Task brief >> Render every line of the data exactly as written, and leave out the pictures.

Records contained in a dataset
◇ ◇ ◇ ◇ ◇

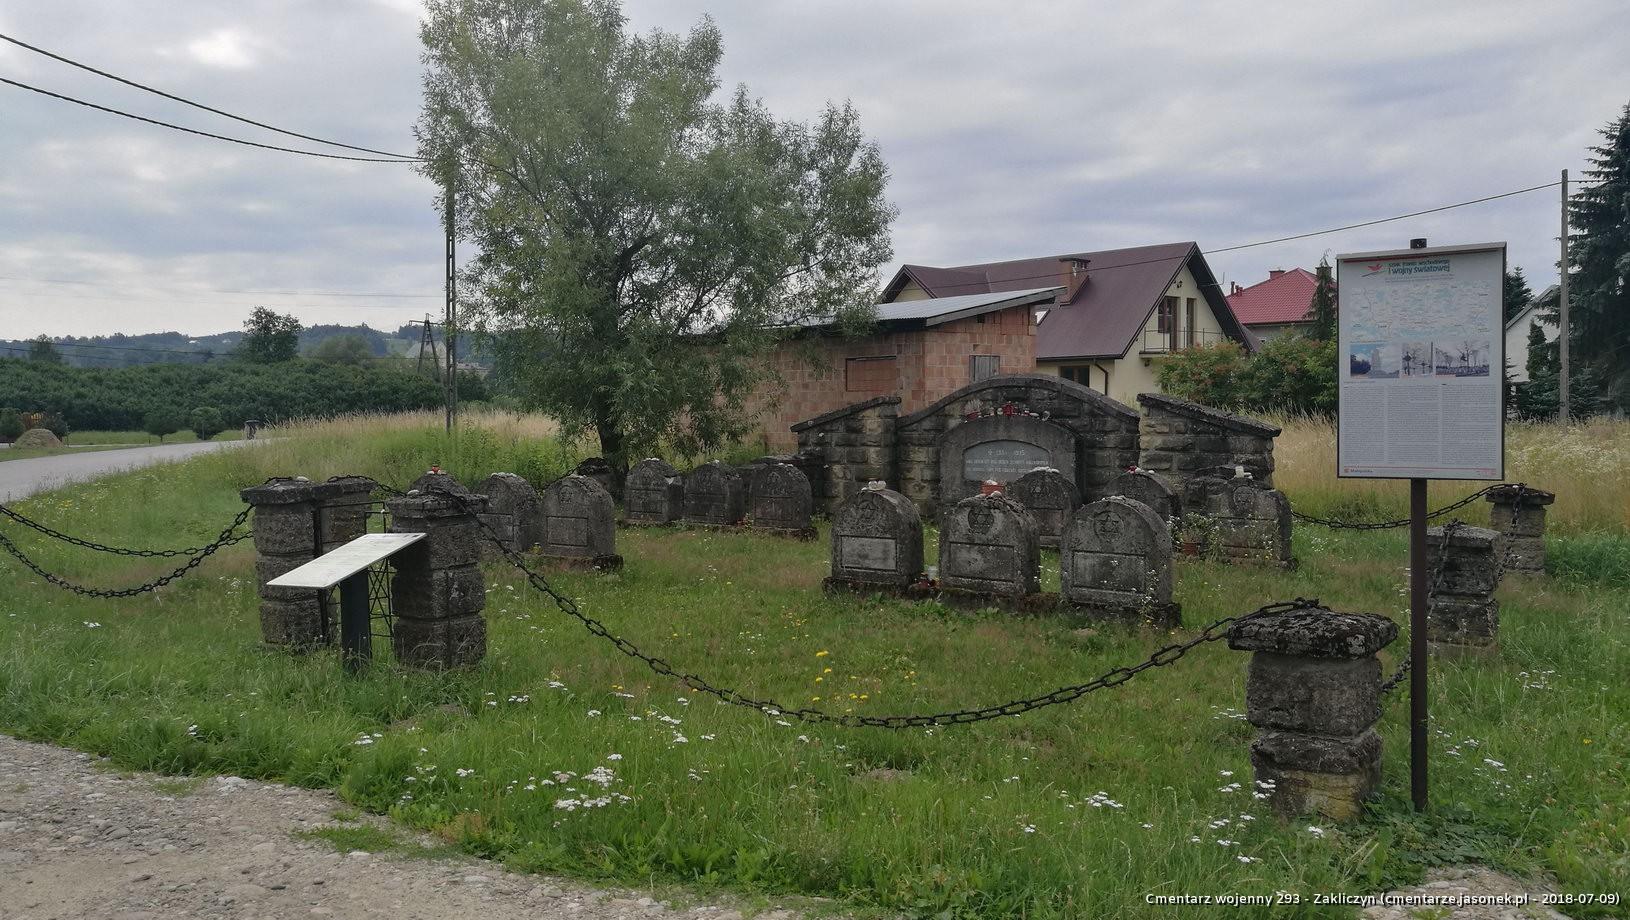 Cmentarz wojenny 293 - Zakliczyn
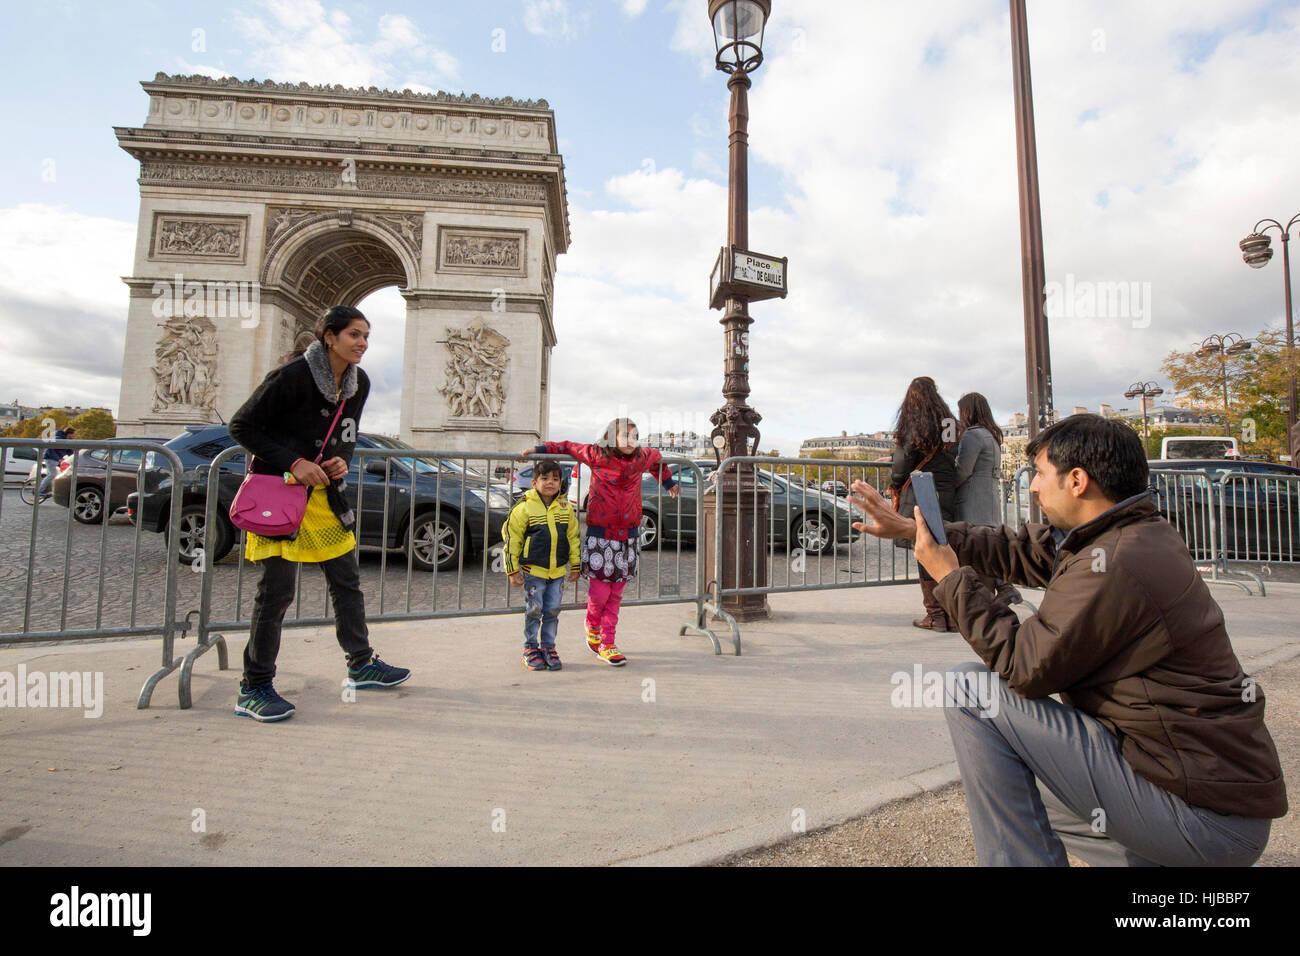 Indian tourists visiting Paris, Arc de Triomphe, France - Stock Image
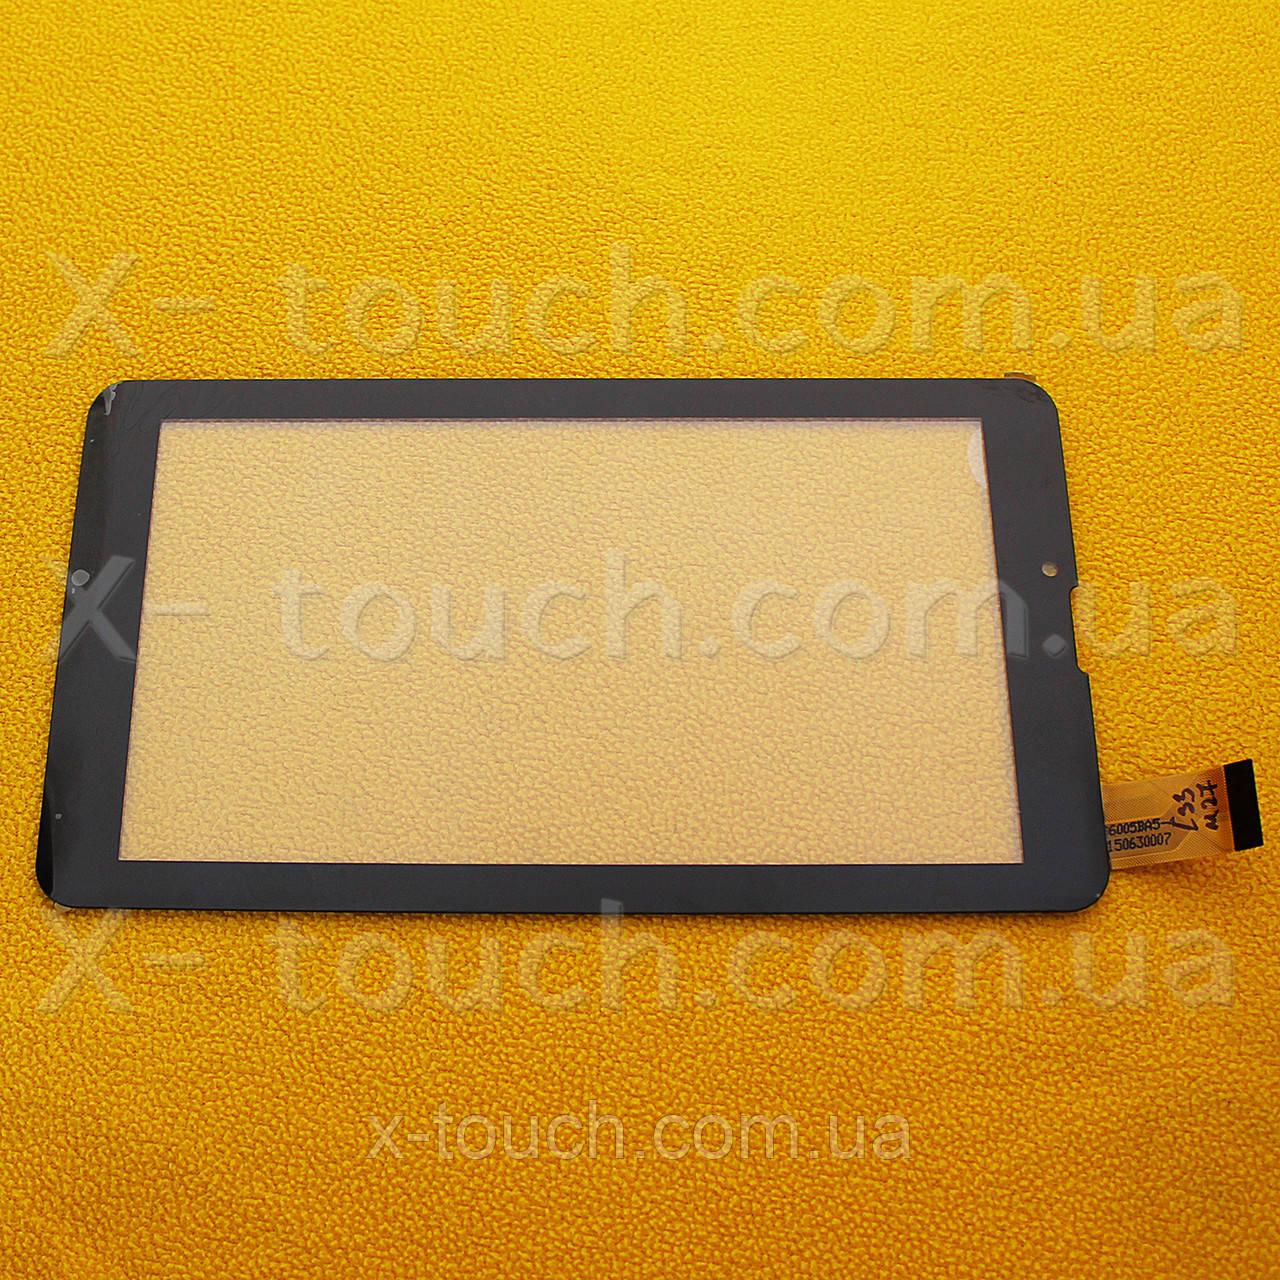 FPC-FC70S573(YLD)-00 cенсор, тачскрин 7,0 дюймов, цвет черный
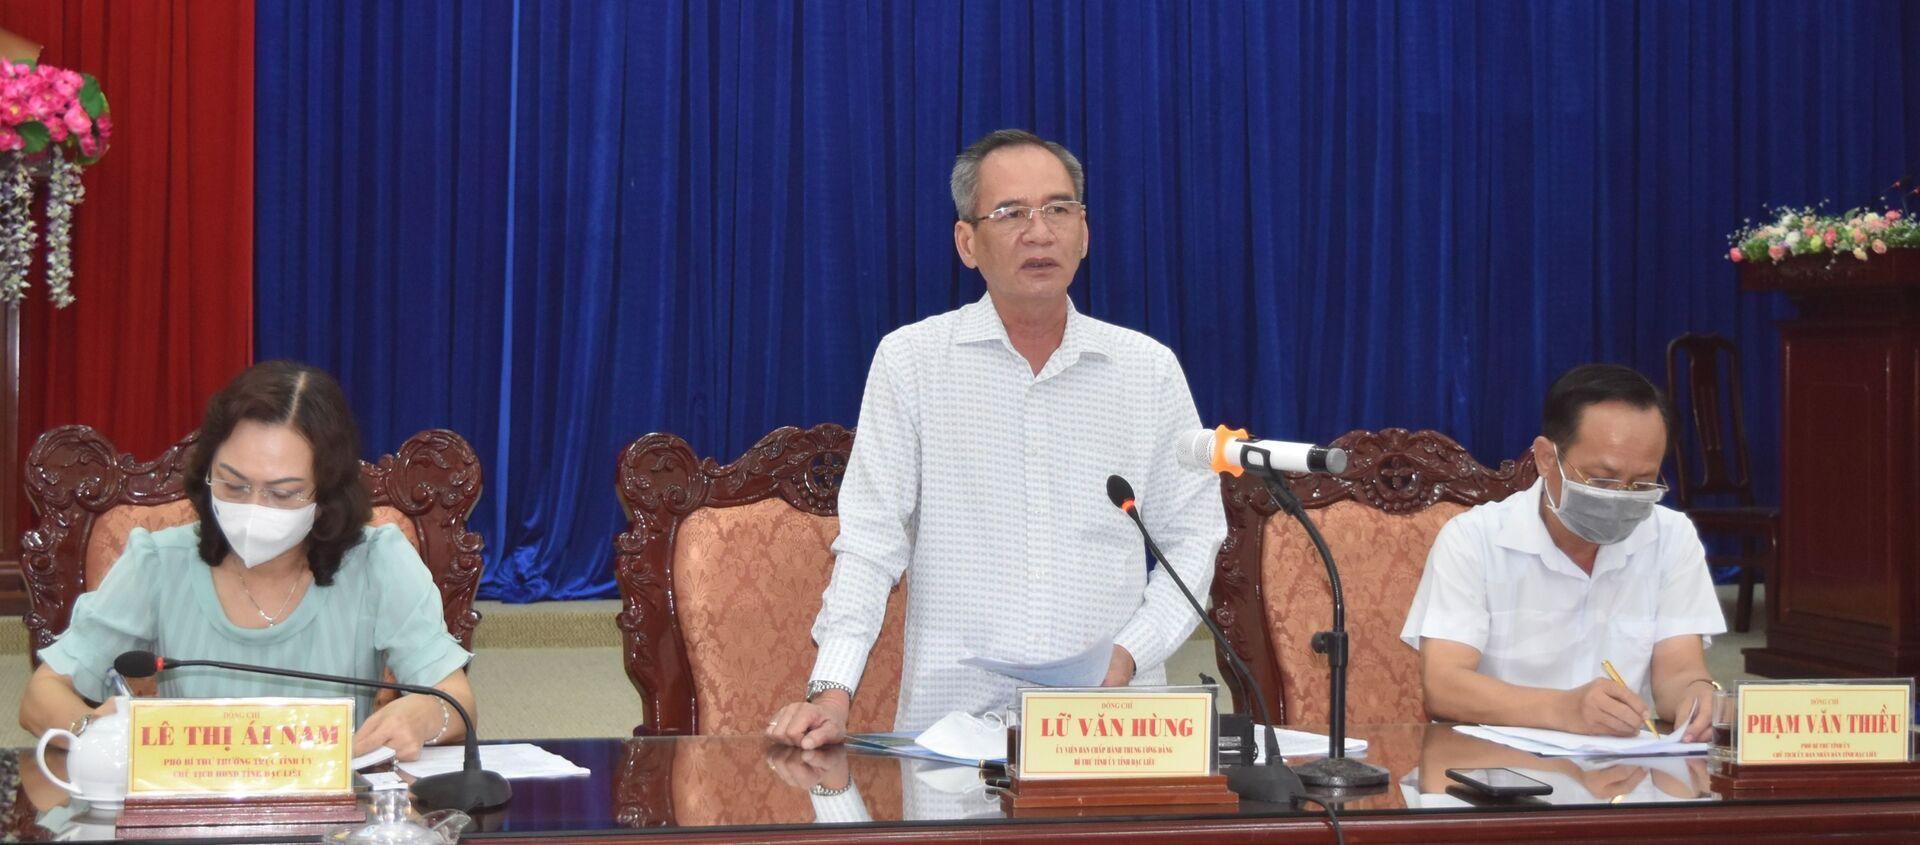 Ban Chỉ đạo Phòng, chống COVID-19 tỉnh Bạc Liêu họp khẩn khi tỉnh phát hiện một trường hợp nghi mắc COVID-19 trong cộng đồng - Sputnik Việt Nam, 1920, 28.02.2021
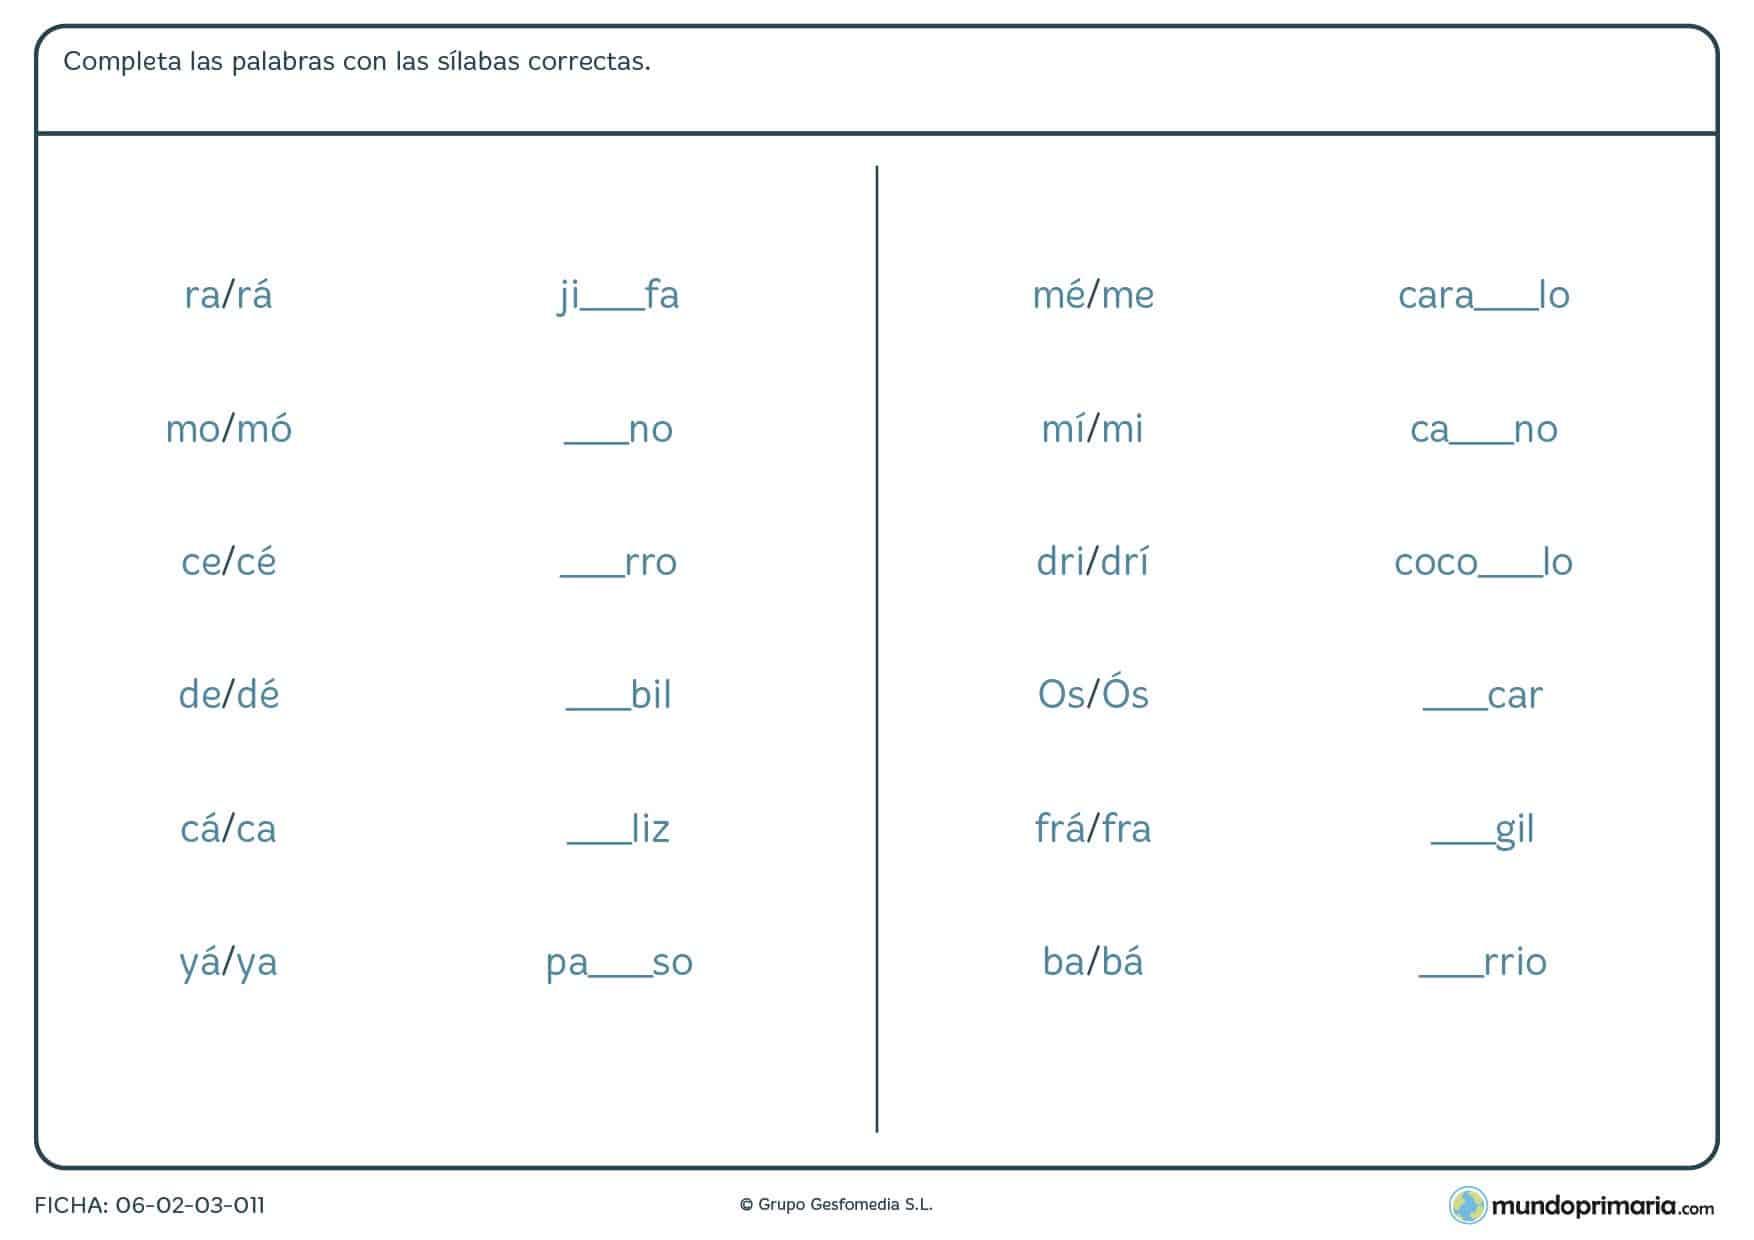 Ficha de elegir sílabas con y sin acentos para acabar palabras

◇ ◇ ◇ ◇ ◇

Exercise solution >>
 Cmentarz wojenny 293 - Zakliczyn
 Indian tourists visiting Paris, Arc de Triomphe, France - Stock Image
 FPC-FC70S573(YLD)-00 cенсор, тачскрин 7,0 дюймов, цвет черный
 Ban Chỉ đạo Phòng, chống COVID-19 tỉnh Bạc Liêu họp khẩn khi tỉnh phát hiện một trường hợp nghi mắc COVID-19 trong cộng đồng - Sputnik Việt Nam, 1920, 28.02.2021
 Ficha de elegir sílabas con y sin acentos para acabar palabras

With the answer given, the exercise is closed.